Jamming GPS – No bad guys needed, the FCC will do it for you!

On 16-03-2011, in Satellite Navigation, by steve

Whenever a discussion is started about whether or not we should entrust aircraft navigation to GPS, there will be at least one person raising the issue of jamming. This is the specter of a single bad guy with a little black box purchased on eBay for a few bucks creating havoc in air navigation by jamming the signals of the GPS satellites. As you know, these signals coming from space are extremely weak and the system disengages and stops guidance the moment there is even the slightest doubt about their integrity. Hence the possibility of mischief with just the simplest means.

Losing GPS will not make any aircraft fall immediately from the sky but not having the precision guidance on which the new GNSS procedures rely is akin to having the ILS pulled from under you in Cat III conditions. It is survivable but traffic will be severely handicapped until the service is restored.
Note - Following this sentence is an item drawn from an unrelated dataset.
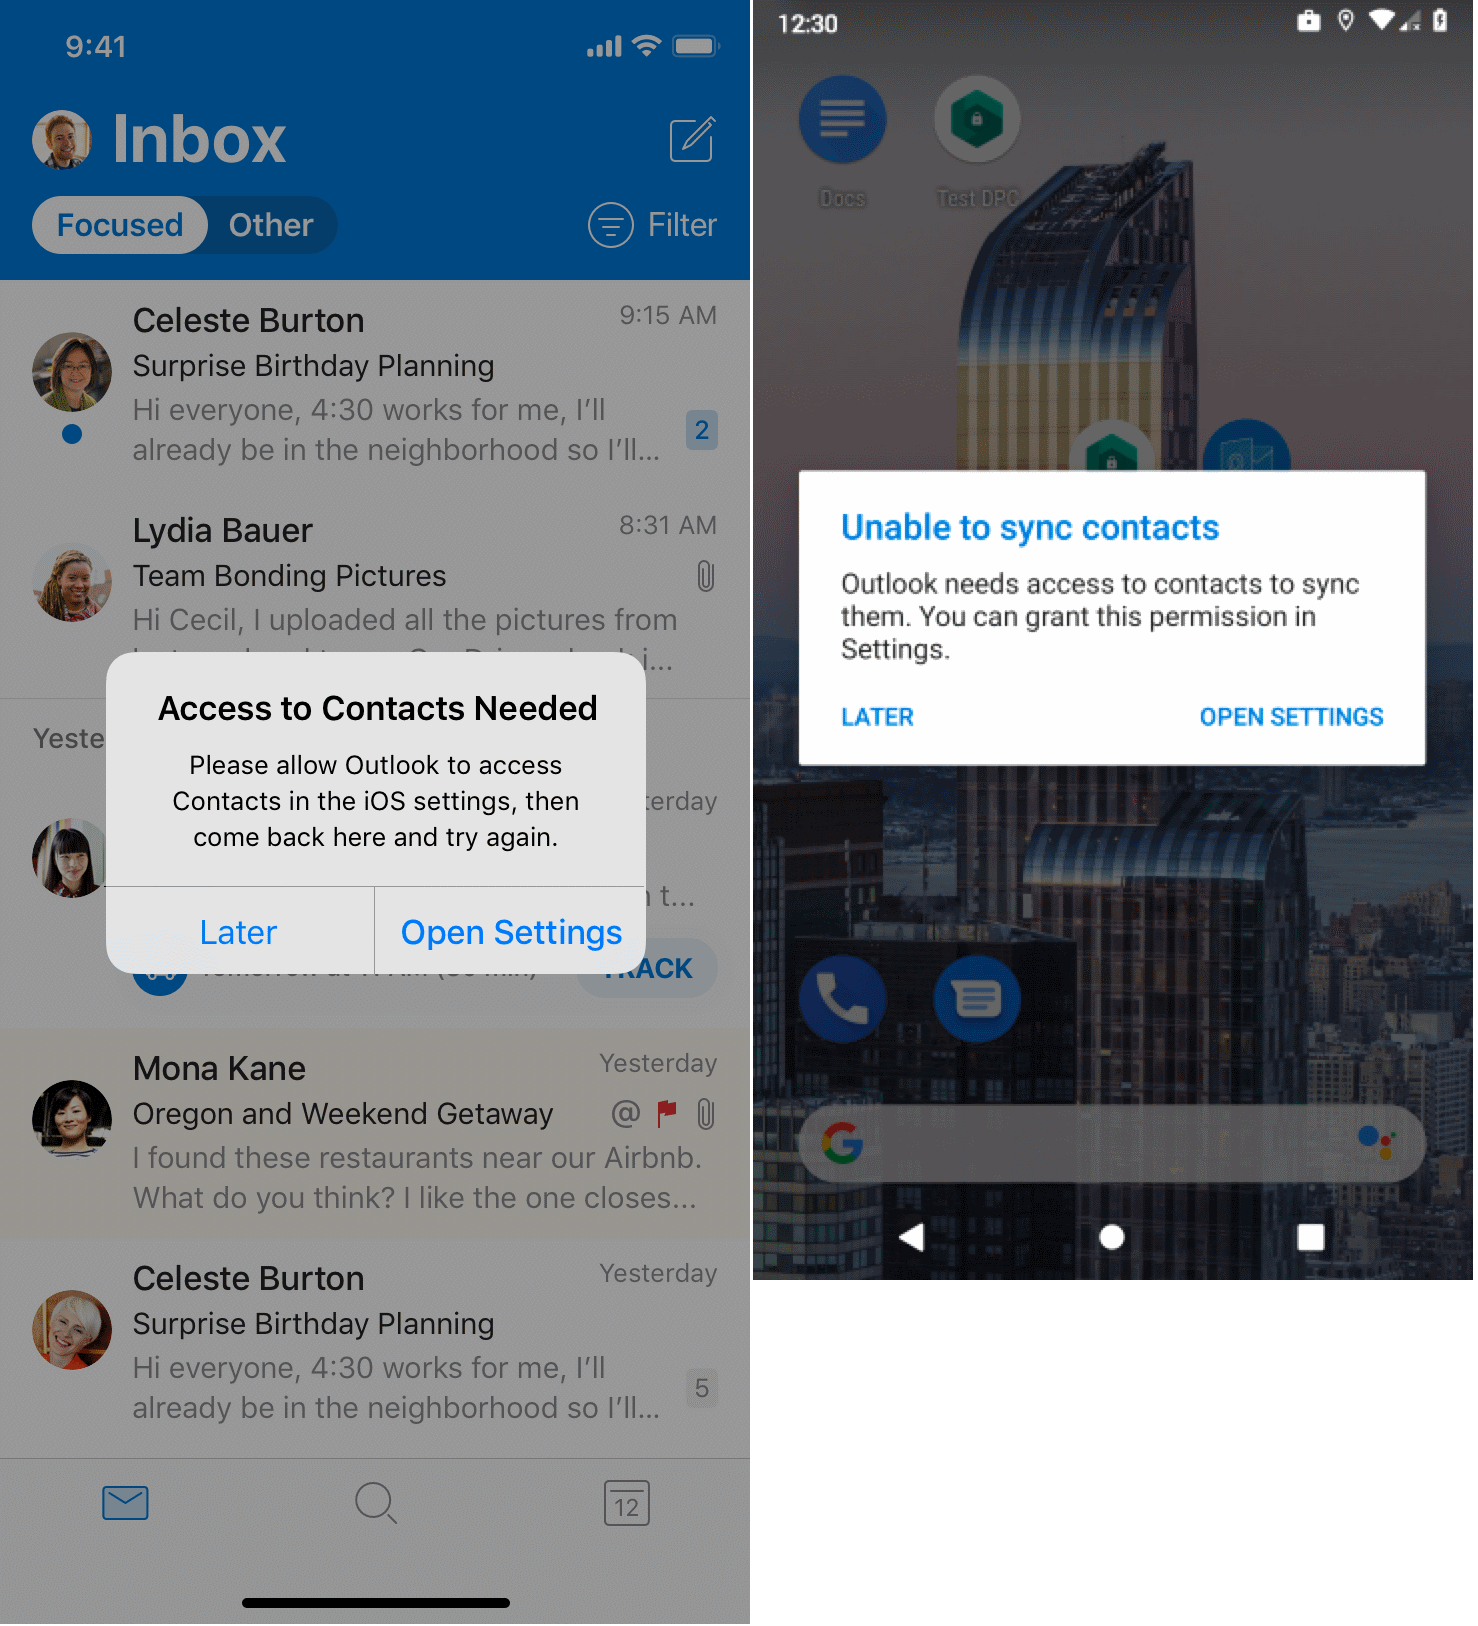 пользователю будет предложено разрешить Outlook доступ к собственному приложению 
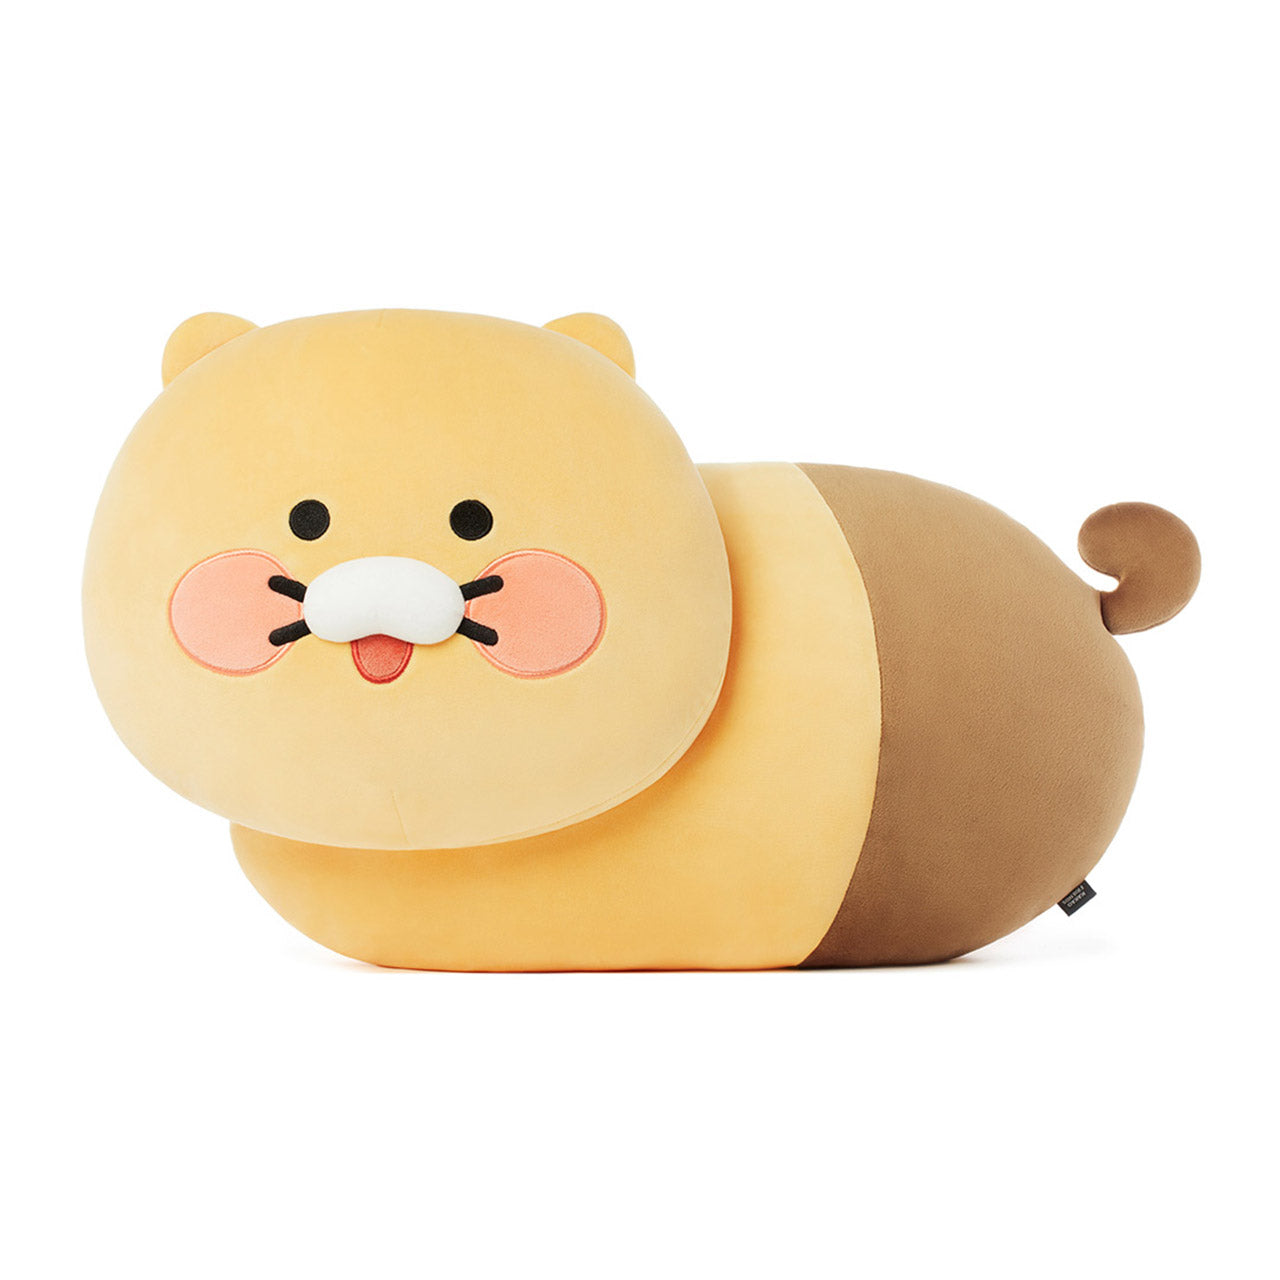 Choonsik Soft Plush Toy

It looks now that we will not have to worry about the bad guys. A much bigger threat comes from the US Federal Communications Commission (FCC) and a company called LightSquared. Worse, if LightSquared has its way, scores of other companies rushing to satisfy mobile broadband services might all become potential threats to GPS. So what is the problem?

Companies like LightSquared provide mobile satellite services and there is of course big money in this. In order to increase the capacity of its service, LightSquared is planning to set up a huge number of terrestrial base stations that will operate in the part if the L-band just adjacent to the L1 frequency used by all GPS receivers. These ground stations (effectively a kind of cell-phone operation) transmit at powers that can effectively overload most GPS receivers.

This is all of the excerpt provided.